As Russell, Gerry's uncle and pal, Douglas McFerran shows a ruddy, chortling kind of good humor. When Gerry bends his ear in a pub, bemoaning the confusion he feels trying to juggle both a girlfriend and a mistress, Russell, instead of offering serious advice, howls with laughter. He's the movie's funniest and most logical character: The only way to make sense of Gerry's romantic travails and hand wringing is to treat them as a pathetic comedy routine.
But it's Hannah, as James, who keeps the movie spinning -- despite the fact that his character is aggressively overwritten. As Howitt has conceived him, James is the winking, twinkling, cutie-pie funny guy: His tablemates crumple with laughter at his spot-on Monty Python imitations ("Nobody expects the Spanish Inquisition!"), and he courts Helen over milkshakes at a modest diner, even though he's a big-money business guy. Howitt seems to think he's invented every woman's dream dude: somewhat nerdy but also mildly athletic, always there for a larf and a snog, the kind of fellow who probably still likes to sleep with his teddy bear. (Howitt doesn't seem to realize that in real life, most smart single girls know that a guy who quotes Monty Python lines ad nauseam is likely to be the kind of guy who bites his toenails -- or worse.)
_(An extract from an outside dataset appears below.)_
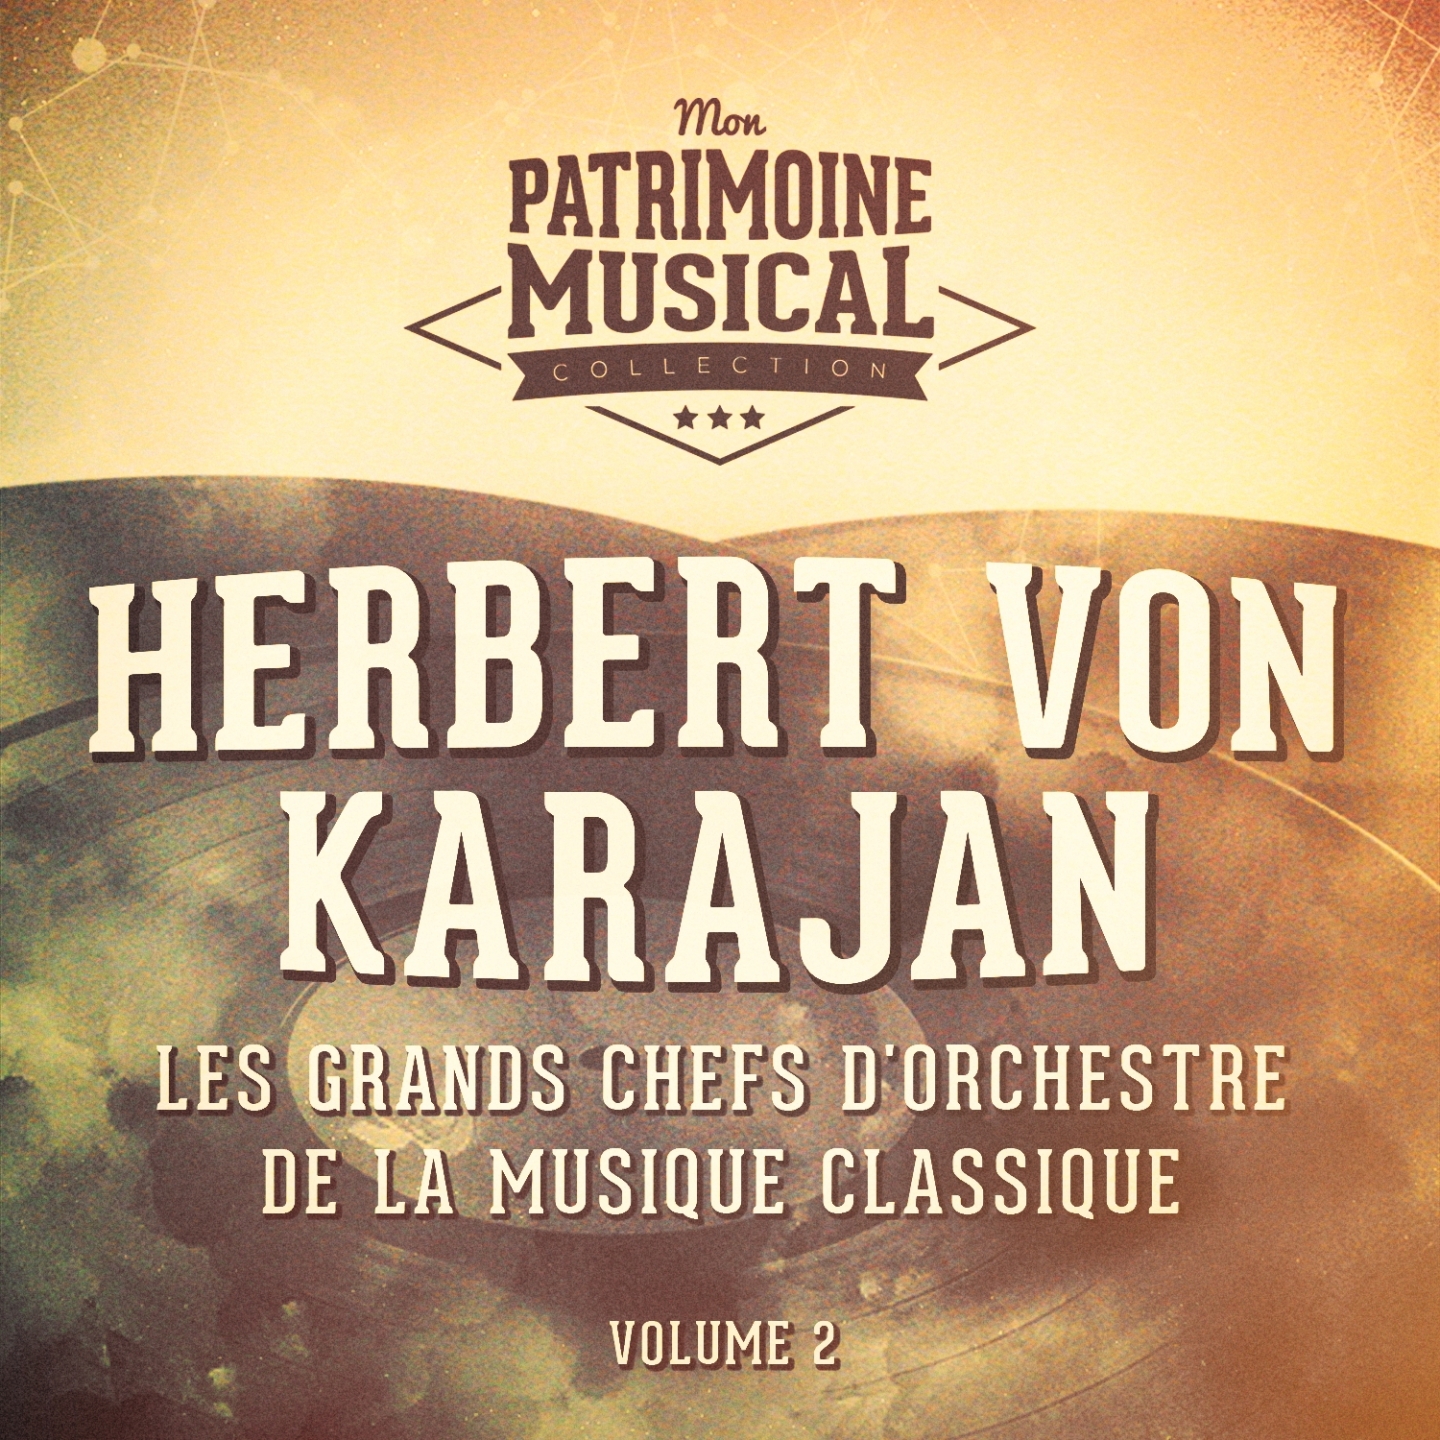 Les grands chefs d'orchestre de la musique classique : Herbert von Karajan, Vol. 2 (« Carmen »)

Miraculously, Hannah -- who played Simon Callow's lover in "Four Weddings and a Funeral," and who, reciting a W.H. Auden poem in the funeral scene, delivered one of that movie's few genuine moments -- saves the role from caricature. His great charm comes not from the words his character is given (most of which are dorky) but from his unstudied off-handedness, and the way his eyes crinkle up when he smiles. He's the perfect counterbalance to Paltrow's ice princess, who sometimes seems to be all sharp elbows and flat midriff. He lends her a softness and a slight oddball craziness that she desperately needs.
"Sliding Doors" riffs on the kinds of questions that occasionally nag all of us: What would have happened if I'd arrived on the scene 10 minutes earlier -- or 10 minutes later? What would have happened if I'd said "X" instead of "Y"? But the most crucial thing that happens in "Sliding Doors" takes place in the first 15 minutes, when James and the original Helen find themselves on an elevator and he picks up the earring she's absent-mindedly dropped. They don't officially meet until later, but by the time the doors have closed on them, their fate is sealed, and it's a good thing, too. Monty Python routines or not, he's the kind of guy you'd hate to see slip through the cracks.